Our RE curriculum is designed to engage and enthuse all children, regardless of their personal beliefs and practices, in order to ensure that they are well prepared for life in a world where there are a multitude of viewpoints.
At Marsh Green Primary School, we aim to ensure that children are able to express themselves by understanding different religious cultures and messages in stories as well as understanding specific vocabulary related to a particular religion. Through this, children know about and develop an understanding of a range of religions to ensure they can describe, explain and analyse beliefs and practices, recognising the diversity which exists within and between communities and amongst individuals.
Our RE curriculum also aims to enable children to express ideas and gain insights about the nature, significance and impact of religions and worldviews to enable them to express with increasing discernment their personal reflections and critical responses to questions and teachings about identity, diversity, meaning and value including ethical issues. It is our intention for children to make their own informed decisions and to have the confidence to voice their views about a range of topics and issues including: meaning and purpose in life, beliefs about God, issues of right and wrong and what it means to be human.
Our RE curriculum is also about belonging. It aims to nurture children’s awareness and understanding of world faiths and other beliefs by exploring the commonality and diversity of these faiths and other beliefs, in a way that provides children both depth and breadth of study. We all share a common humanity and we ensure that children have an opportunity to share their view of the world together with building an appreciation and understanding of others’ views.
We also want children to enjoy RE and to develop thoughtful and resilient responses to misunderstandings, stereotyping and division. We want to offer the children a place where difficult or risky questions can be tackled within a safe but challenging context.

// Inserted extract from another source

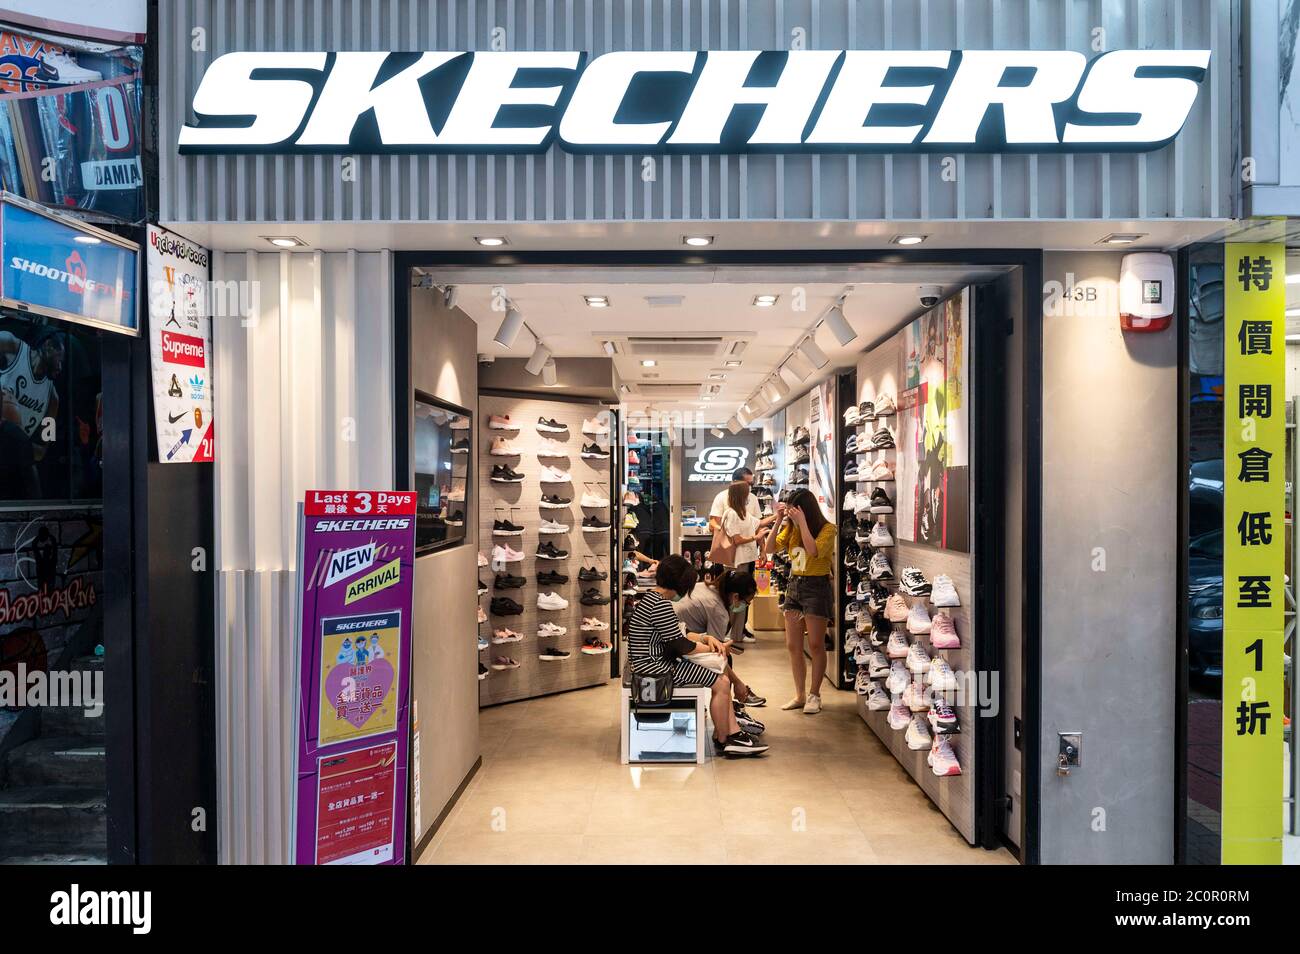 Skechers news

In addition, it is our intention to provide children with religious literacy, where they will develop their knowledge and understanding of Christianity, other religious traditions and world views and explore their responses to life's challenges. This equips children with the knowledge and skills to flourish in their future adult lives, both within their own community and as members of a diverse and global society.

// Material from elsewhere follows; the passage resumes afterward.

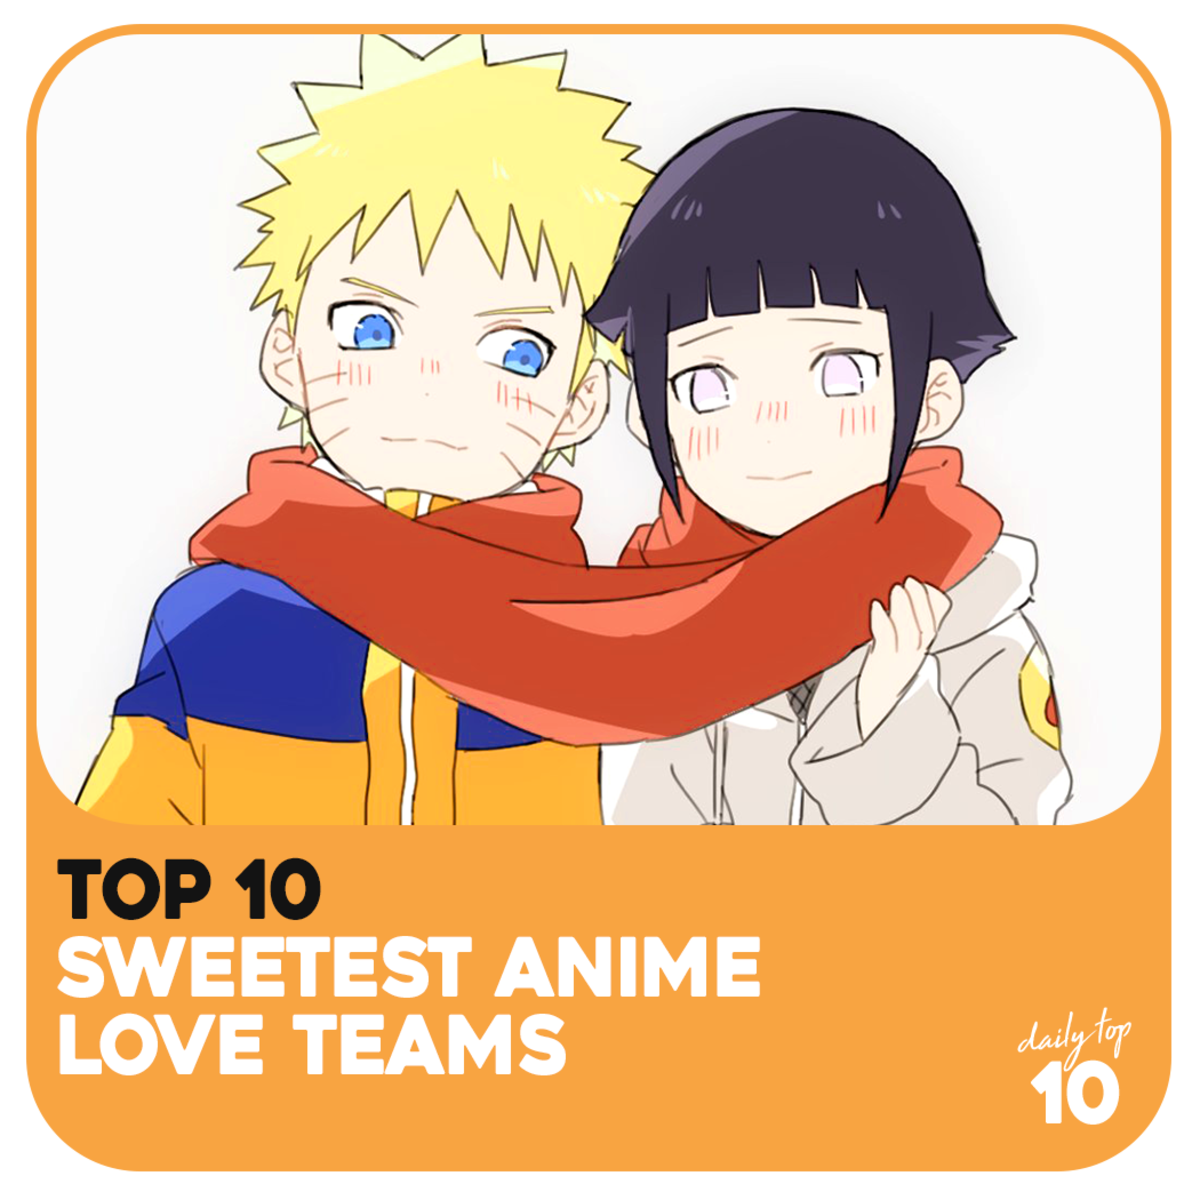 Top 10 Sweetest Anime Love Teams

Our curriculum follows the Barking and Dagenham Agreed Syllabus for Religious Education.
The RE curriculum is planned and sequenced to develop deep, lasting learning and builds upon prior knowledge, which our children can use today, tomorrow and for the rest of their lives.

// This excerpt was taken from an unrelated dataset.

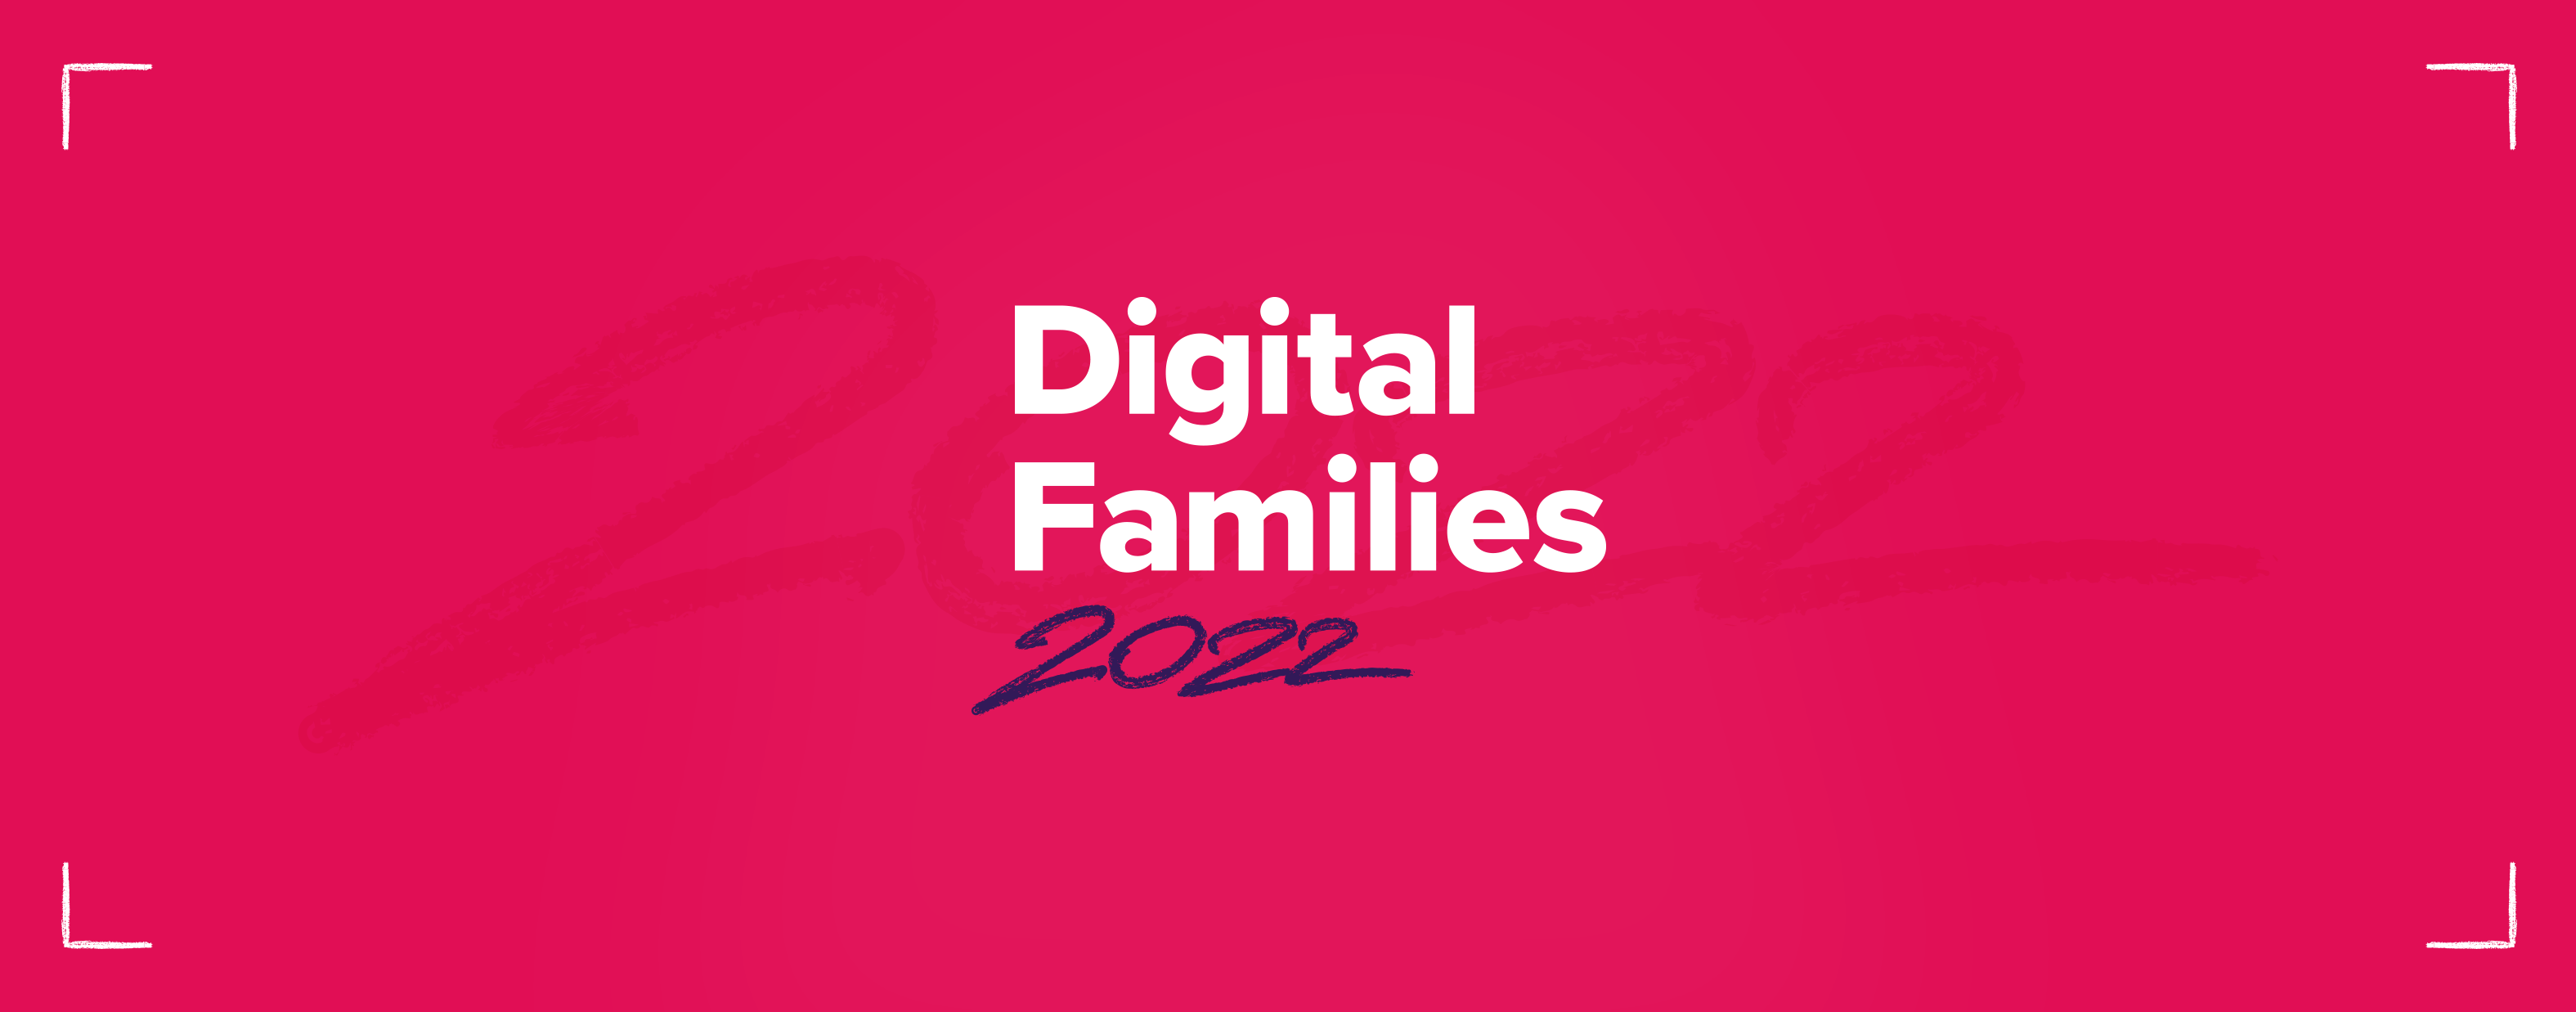 Digital Families 2022

During each Key Stage, pupils are taught knowledge, skills and understanding through learning about world religions, including Christianity, Islam, Judaism, Sikhism. Each unit of work identifies prior learning and shows how this is built upon.
RE is taught in a block unit within a term to allow suitable links to be made to specific religious festivals taking place or to link in with other topics being taught. Children gain a deeper understanding of the religion studied through the use of high-quality resources and artefacts.
The following skills are used, in order to strengthen the skills and deepen the understanding and knowledge taught: investigating, reflecting, recalling and retelling, exploring, discussing and empathising. Children can discuss and compare the lives of people they have studied from a variety of different religions.
Attitudes which are fundamental to RE and, which we foster within children, include: curiosity and wonder, commitment, fairness, respect, self- understanding, open-mindedness, critical mindedness and enquiry. These work alongside the SMSC links and British Values implemented within school as a whole.
Assemblies take place across the whole school. These are delivered by senior leaders, class teachers and guest speakers.
Visits to places of worship provide a variety of first-hand experiences for our children, to spark their interest and relate new learning to their own experience.
Children who are effective RE learners demonstrate that they can achieve a progressively deeper set of knowledge and skills, including:
- Making links between their own lives and those of others in their community and in the wider world.
- Developing an understanding of other people’s cultures and ways of life.
- Extending their knowledge and understanding of religions and beliefs.
- Developing a religious vocabulary and interpret religious symbolism in a variety of forms
- Reflecting on questions of meaning, offering their own thoughtful and informed insights into religious and other worldviews.
- Exploring ultimate questions of beliefs and values in relation to a range of contemporary issues in an ever-changing society.
We measure the impact of our curriculum in helping children to acquire this set of knowledge and skills in a range of ways, including:
- Interviewing children about their learning (pupil voice).
- Completing pupil book looks.
- Marking of written work in books by teachers.
- In-lesson assessment by teachers, including the use of open-ended, differentiated questioning.